Traveling with a pet by car involves more than just loading the animal in the back seat and motoring off, especially if you will be driving long distances or plan to be away for a long time. Here are a few car travel safety tips to help you prepare for a smooth and safe trip.

  • Prep your pet for a long trip. Get your pet geared up by taking him on a series of short drives first, gradually lengthening the time spent in the car. If you’re traveling across state lines, bring along your pet’s rabies vaccination record. While this generally isn’t a problem, some states require this proof at certain interstate crossings.
  • Keep your pets safe and secure in a well-ventilated crate or carrier. The crate should be large enough for your pet to stand, sit, lie down and turn around in. Secure your pet’s crate so it will not slide or shift in the event of an abrupt stop. If you decide to forgo the crate, don’t allow your pet to ride with his head outside the window, and always keep him in the back seat in a harness attached to a seat buckle.

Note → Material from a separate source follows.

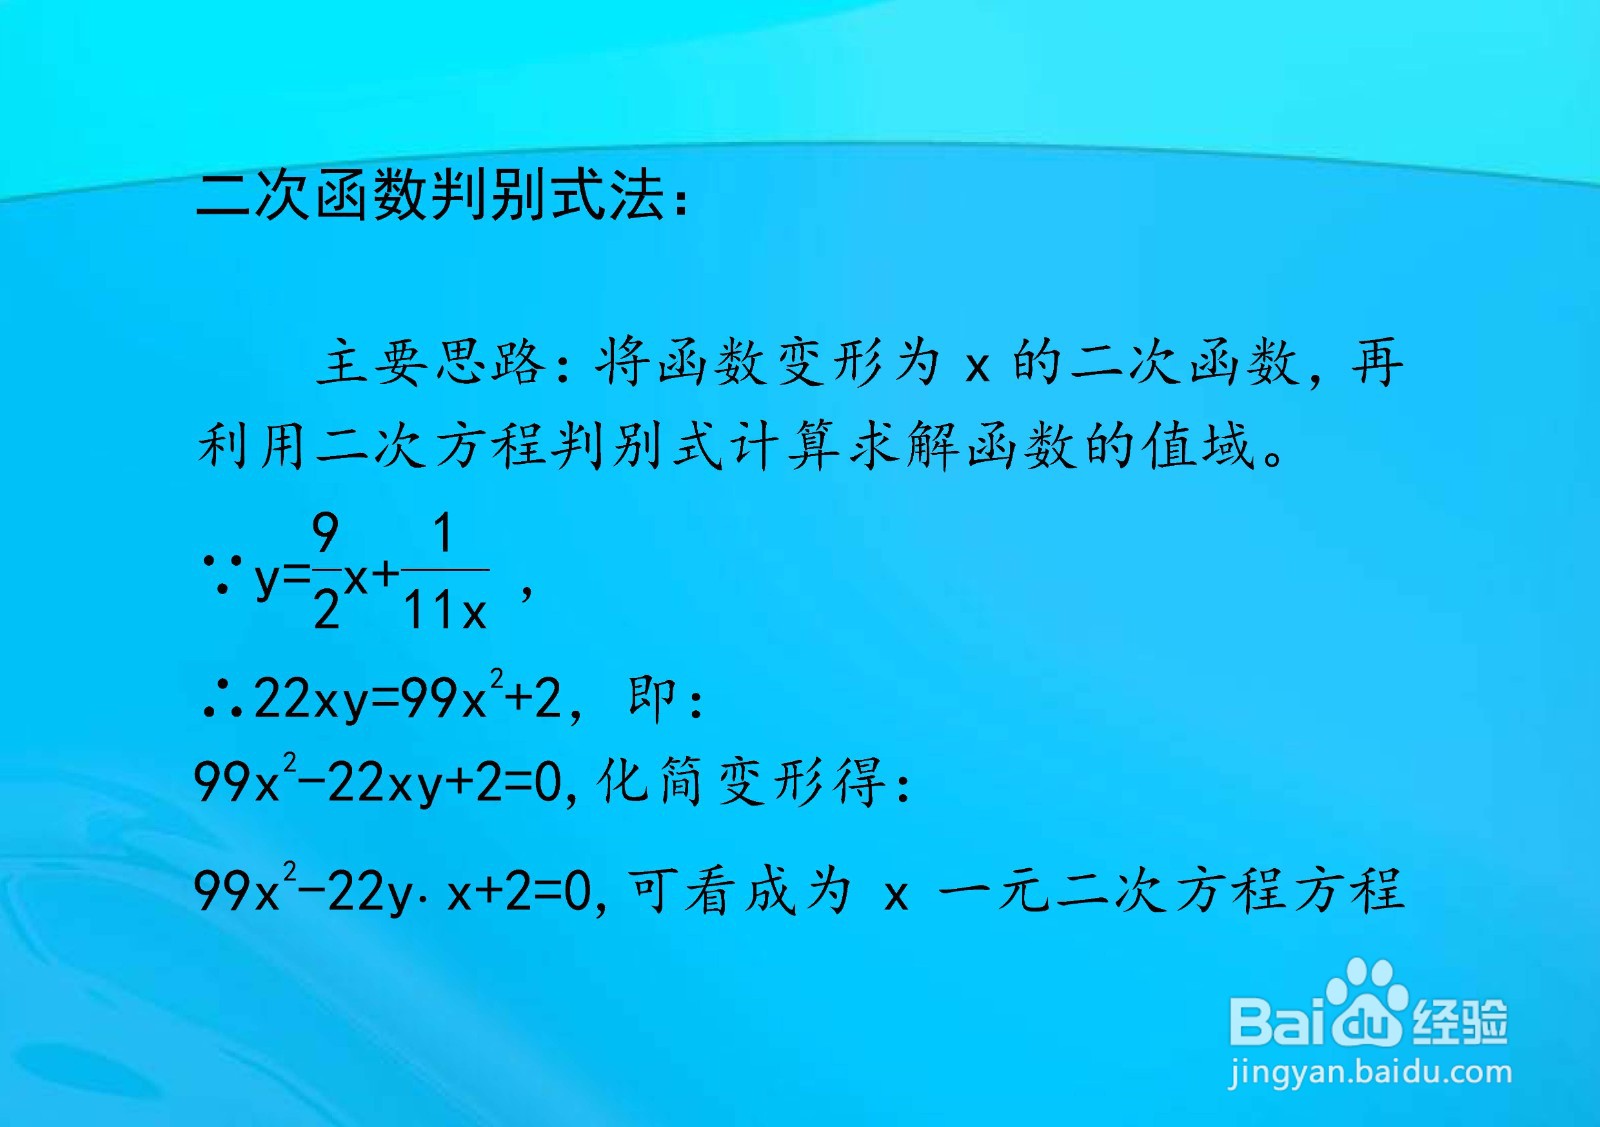 多种方法计算y=9x/2+1/11x的值域

  • Prep a pet-friendly travel kit. Bring food, a bowl, leash, a waste scoop, plastic bags, grooming supplies, medication and first-aid, and any travel documents. Pack a favorite toy or pillow to give your pet a sense of familiarity. Be sure to pack plenty of water, and avoid feeding your pet in a moving vehicle. Your pet’s travel-feeding schedule should start with a light meal three to four hours prior to departure, and always opt for bottled water. Drinking water from an area he or she isn’t used to could result in stomach discomfort.
  • Never leave your animal alone in a parked vehicle. On a hot day, even with the windows open, a parked automobile can become a furnace in no time, and heatstroke can develop. In cold weather, a car can act as a refrigerator, holding in the cold and causing the animal to freeze to death.